Let $\mathcal{C}$ be a tensor category over an algebraically closed field $\mathbb{k}$ with braiding $c$. For any nonzero simple object $X$ the composition \begin{align} t(X) := \operatorname{ev}_X \circ c_{X, X^\vee} \circ \operatorname{coev}_X \in \operatorname{End}_{\mathcal{C}}(\mathbf{1}) \end{align} is nonzero.

I feel very conflicted. On the one hand, the one line proof given in the book seems plausible:

Since $X$ is simple, the corresponding composition \begin{align} \operatorname{End}(\mathbf{1}) \to \operatorname{Hom}(\mathbf{1}, X\otimes X^\vee) \to \operatorname{End}(\mathbf{1}) \end{align} consists of nonzero maps between 1-dimensional spaces, and is thus non-zero.

On the other hand, suppose that the lemma holds and that $X$ is projective. Then $P = X \otimes X^\vee$ is projective. Set $f = t(X)^{-1} \operatorname{coev}_X$ and $g = \operatorname{ev}_X \circ c_{X, X^\vee} $. But then \begin{align} \mathbf{1} \xrightarrow{f} P \xrightarrow{g} \mathbf{1} = \operatorname{id}_{\mathbf{1}} \ , \end{align} so that $\mathbf{1}$, being a direct summand in a projective, is projective. But then $\mathcal{C}$ is semisimple. A contradiction to the existence of non-semisimple finite tensor categories with simple projective objects.
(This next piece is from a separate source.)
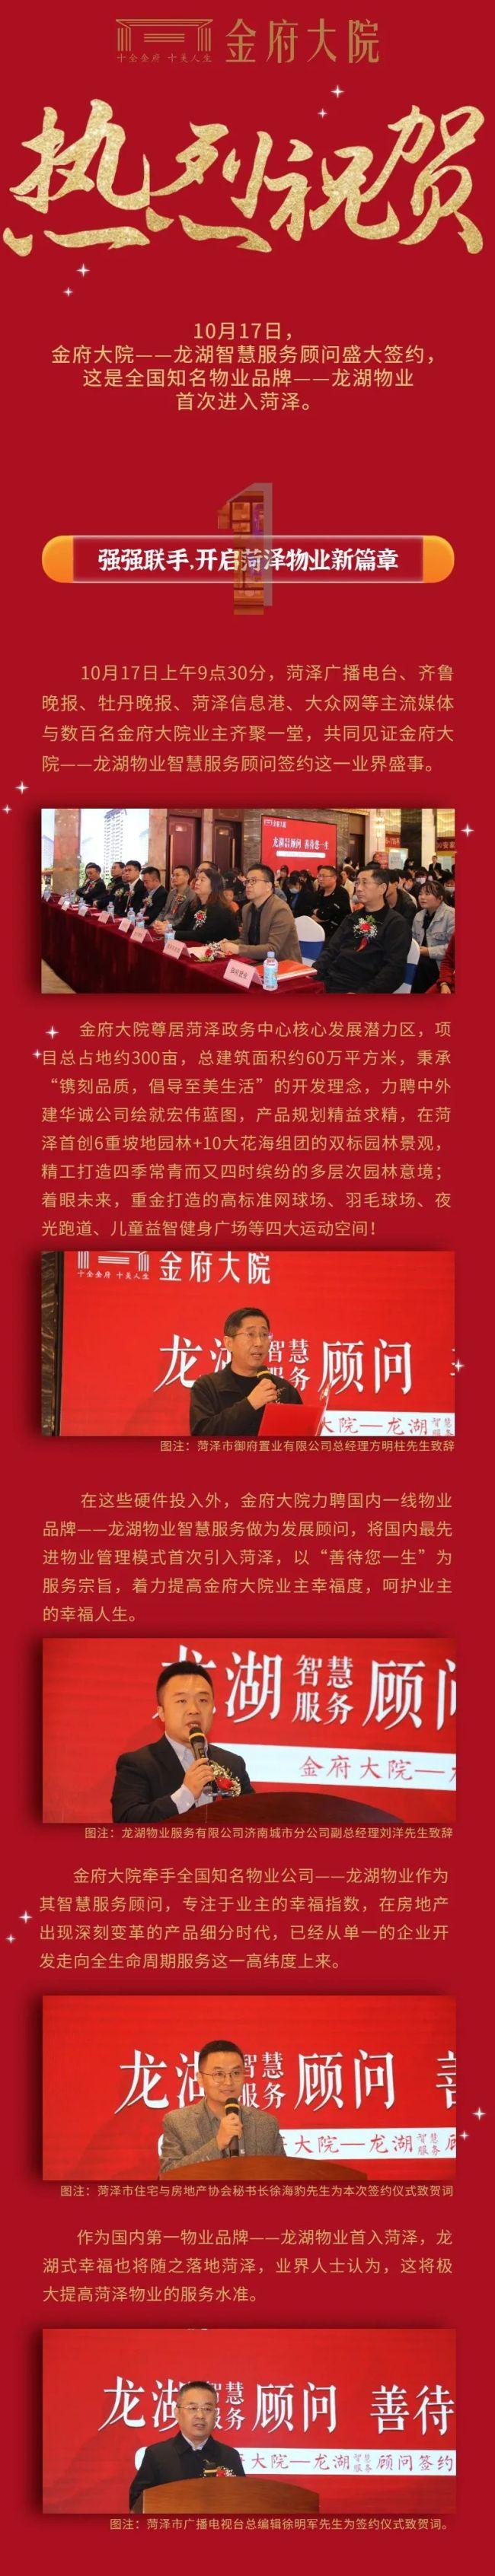 """龙湖物业首入菏泽,""""龙湖智慧服务""""与金府大院盛大签约"""

Note that in fact the general heuristic in this last part implies that in a non-semisimple (finite) tensor category there exists no nonzero endomorphism of the tensor unit factoring through a projective object. For this heuristic, see also the proof of Theorem 6.6.1 in the book.

So, where is the mistake?


Edit:

Here are two examples for non-semisimple finite tensor categories with simple projective objects:


Edit 2: The mistake is in the proof in the book. Namely, as I prove, the map $\operatorname{Hom}(\mathbf{1}, X \otimes X^\vee) \to \operatorname{End}(\mathbf{1})$ is zero if $X$ is projective.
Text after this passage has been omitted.